There are plenty of real life situations when this sort of calculation comes handy. The simple example is how you could figure out how much wrapping paper is needed to wrap some circular object: a bottle, a rolled slipping bag. Or how long of a ribbon you need to put around a football. Understanding the principle of calculating the circumference of a circle is crucial to comprehend how speedometers work, whether it is in a car or in a bicycle. If you are a little bit of a handyman you might in the past mounted a speedometer on your bike. You may remember that it is always necessary to make a basic setup so that the device shows the speed correctly. Usually except from attaching the device to the crossbar it is required to select the size of the bike’s wheel. This size is typically indicated on the tire itself in some sort of standardized notation. This notation obviously carries the huge significance to the digital meter as it will be used to calculate what is the distance the bike covers with one wheel revolution.

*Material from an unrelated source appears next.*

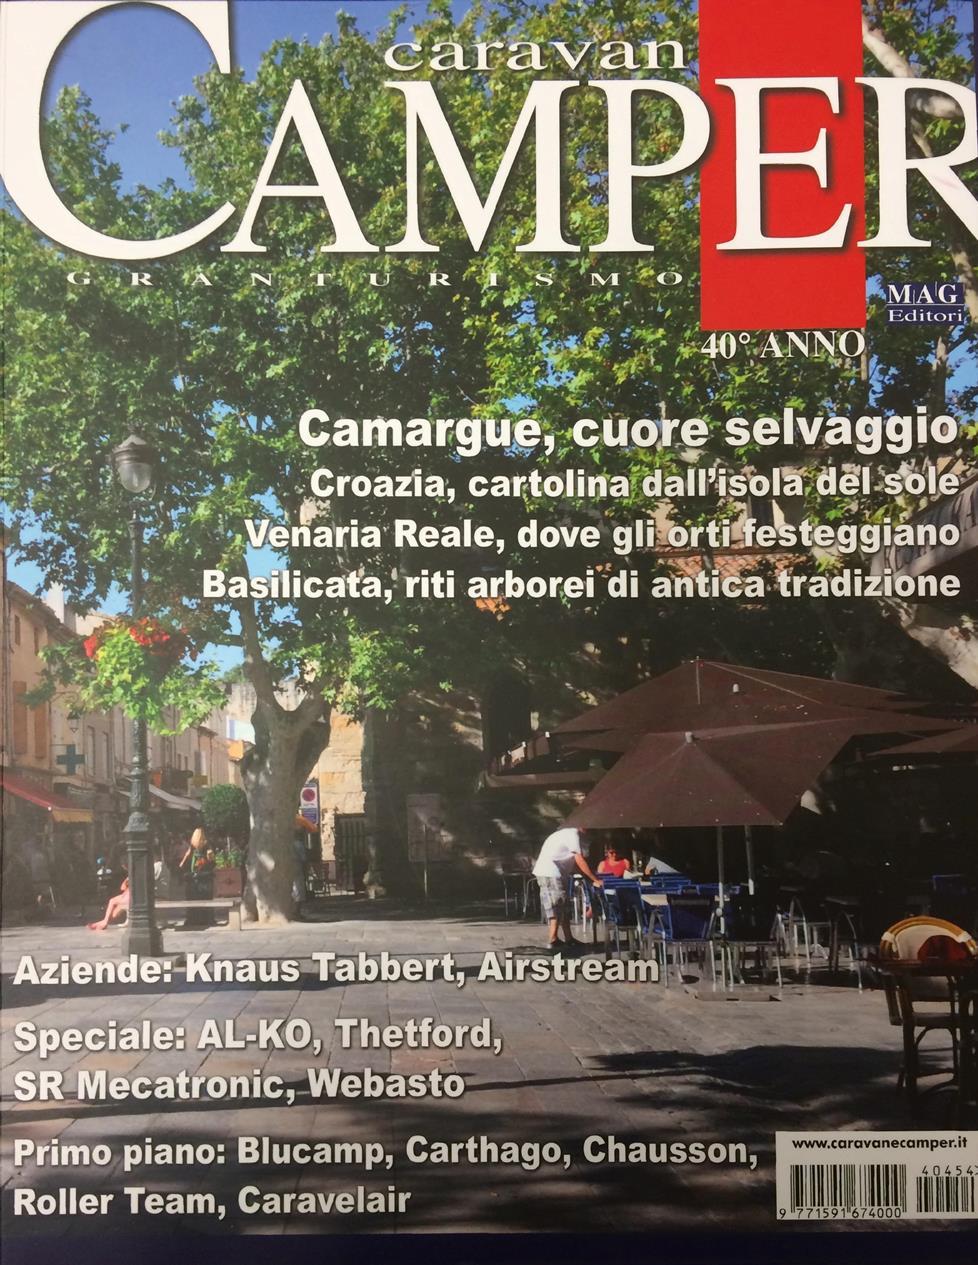 Camper Caravan_2014-page-001

The sensor on the crossbar detect every full revolution and send in to the meter that additionally keeps time. Knowing the distance that has been covered and the time it took the meter calculates the speed using the simple equation: speed = distance / time. If we take the distance in miles and time in hours we will get the speed in MPH.

An interesting observation is that if the diameter of a circle is equal 1, its circumference is exactly the π value, namely 3.14.

Let’s have a look at several examples of the formula application. The following two simple exercises put the theory in the practical use and hopefully will help to clear any uncertainty that you still may have.

### Exercise 1: Calculate the circumference of a circle with a radius of 4 inch.

Solution: Using the standard equation the circumference is calculated in the following manner:

circumference = 2 * π * radius

Let’s replace the variables with the values:

radius = 4
π = 3.14 (the value has been approximated to two decimal digits)
circumference = 2 * 3.14 * 4
circumference = 25.12 inch

Therefore using the usual equation we have calculated the result of the exercise to be 25.12 inches. Obviously the result is always in the same units as the radius is given; the radius has been given in inches so the result is expressed in inches as well. If the radius was expressed in meters the result will be in meters and so on. ### Exercise 2: The circumference of a circle equals 10 meters. How long is the diameter of that circle?

Solution: Solving this exercise requires to turn the equation around as the circumference is the known factor while the diameter is the unknown we need to find. As it has been said before the diameter is double the length the radius. Therefore we will use the following two equations to solve the exercise:

circumference = 2 * π * radius
diameter = 2 * radius

We can see that both equations contains 2 * radius. Therefore using the fact that 2 * radius equals the diameter from the second equation we can substitute that part in the first equation to achieve:

circumference = π * diameter

Because it is the diameter we are searching for we need to transform the equation to:

diameter = circumference ÷ π

Let’s replace the variable with the known values:

diameter = 10 ÷ 3.14
diameter = 3.18 m (approximated to 2 decimal places) Transforming the original equation we calculated that the diameter of the circle with circumference of 10 meters is 3.18 meters. Obviously knowing that we can easily find the radius of that circle as it is exactly a half of its diameter: 1.59 meters.

As you can see from the given examples calculating circumference of a circle is a pretty simple task as it requires only a straightforward multiplication. The only uncertainty may arise with regards to the π value, as not being able to use the exact value we always have to use some sort of its approximation. However in most of the appliances rounding the value to 3.14 is sufficient.